# SMS vers Android reste en Imessage



## Audrix (1 Juillet 2017)

Bonjour,
Un de mes contacts est passé d'Iphone vers Android.
Depuis les sms que je lui envoie ne passent pas car ils restent au format Imessage...
J'ai supprimé et recréé le contact mais le Pb subsiste.
Bien sûr si je dévalide l'option Imessage dans les réglages les sms vers ce contact passent à nouveau.
Cette solution n'est pas valable car elle m'enlève les imessage de tous mes contacts Iphone.
Auriez-vous une petite idée ??
Cordialement et bon samedi
Audrix


----------



## Jura39 (1 Juillet 2017)

Bonjour,

avez vous tentez d'éteindre votre iPhone un court instant ?


----------



## Audrix (1 Juillet 2017)

Jura39 a dit:


> Bonjour,
> 
> avez vous tentez d'éteindre votre iPhone un court instant ?

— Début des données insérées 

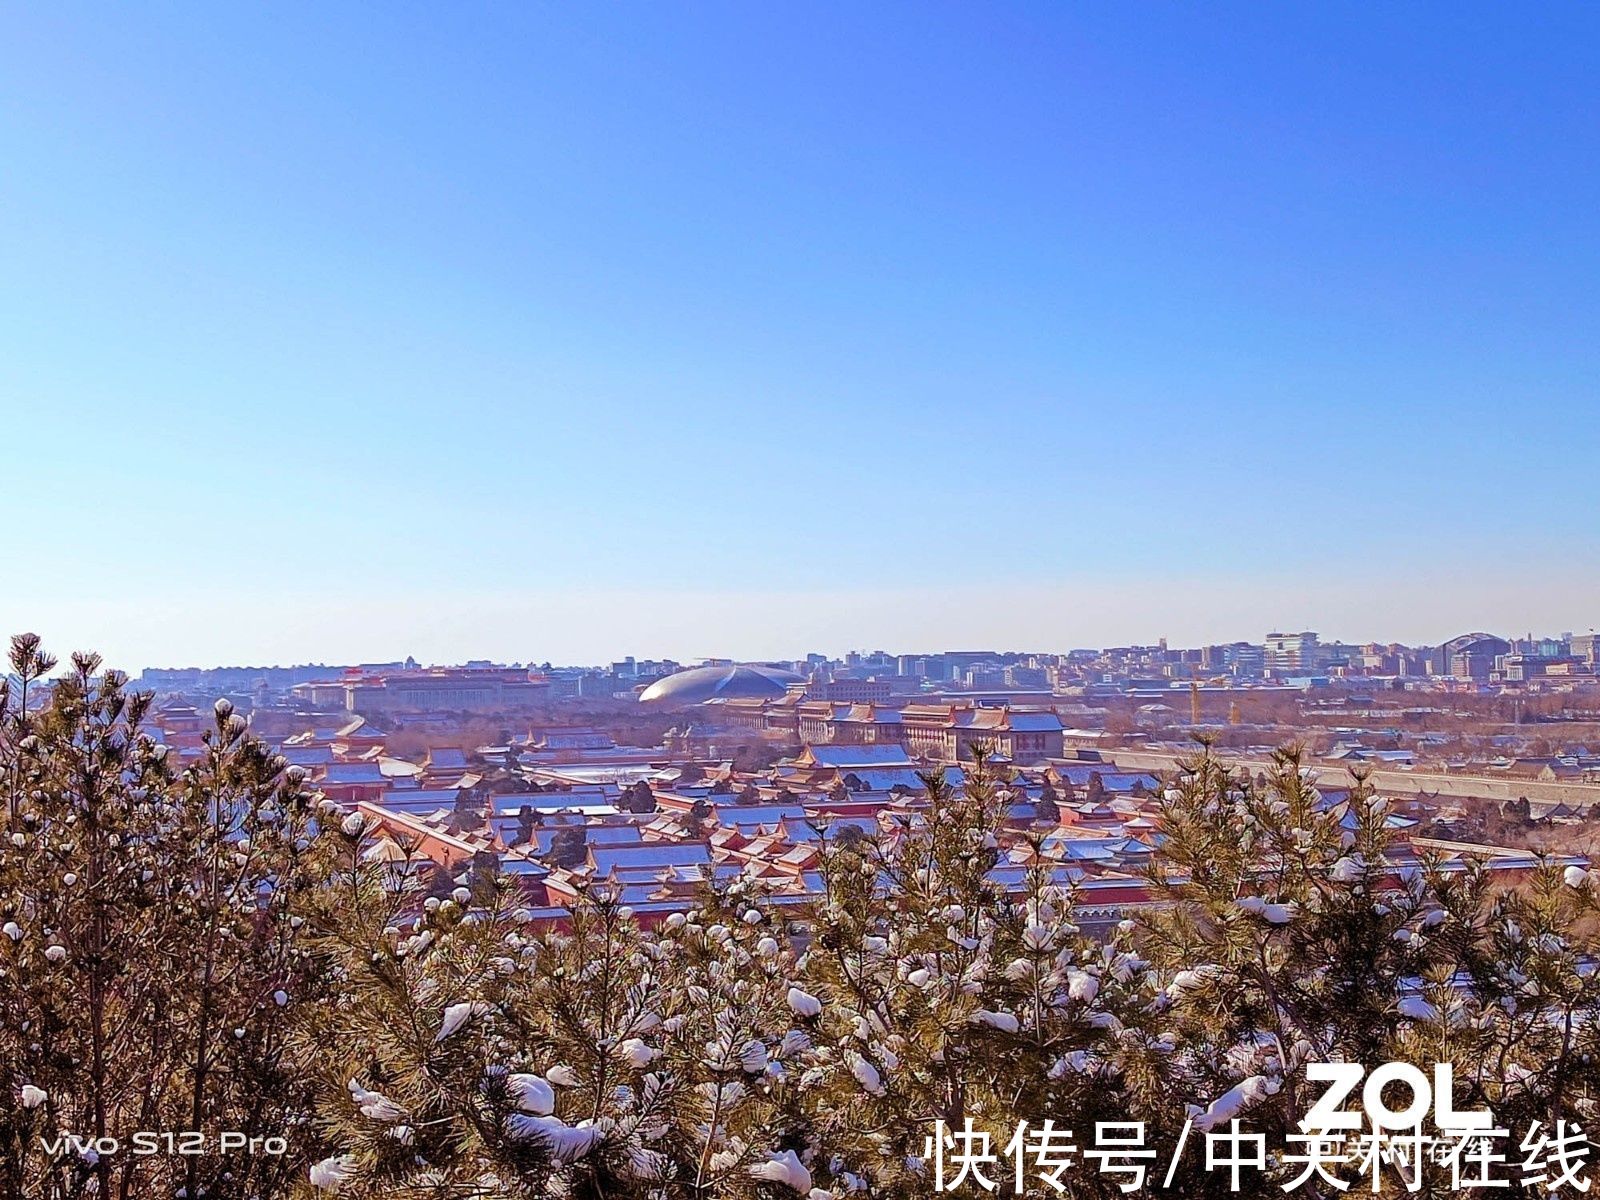 像素|一亿像素超清主摄 vivo S12 Pro记录雪后的北京城

Hélas oui et plusieurs fois malheureusement rien ne change...


----------



## mccawley2012 (2 Juillet 2017)

C'est à lui de désactiver les iMessages, il faudrait qu'il mette sa carte sim dans un iPhone, attendre que les iMessages s'active sous son numéro ou son compte iCloud, attendre quelques minutes et tout désactiver en direct de l'iPhone.


----------



## QuentinVR (9 Juillet 2017)

Apple propose un site pour désactivé les services iMessage sans passer par un iPhone.


----------



## Jura39 (10 Juillet 2017)

Ben voila


----------



## pikaphone (24 Juillet 2017)

Bonjour,

Désolé de up le topic mais serait il possible d'avoir le nom du site en question ?


----------



## Locke (24 Juillet 2017)

pikaphone a dit:


> Désolé de up le topic mais serait il possible d'avoir le nom du site en question ?


Surement ici... https://selfsolve.apple.com/deregister-imessage/fr/fr


----------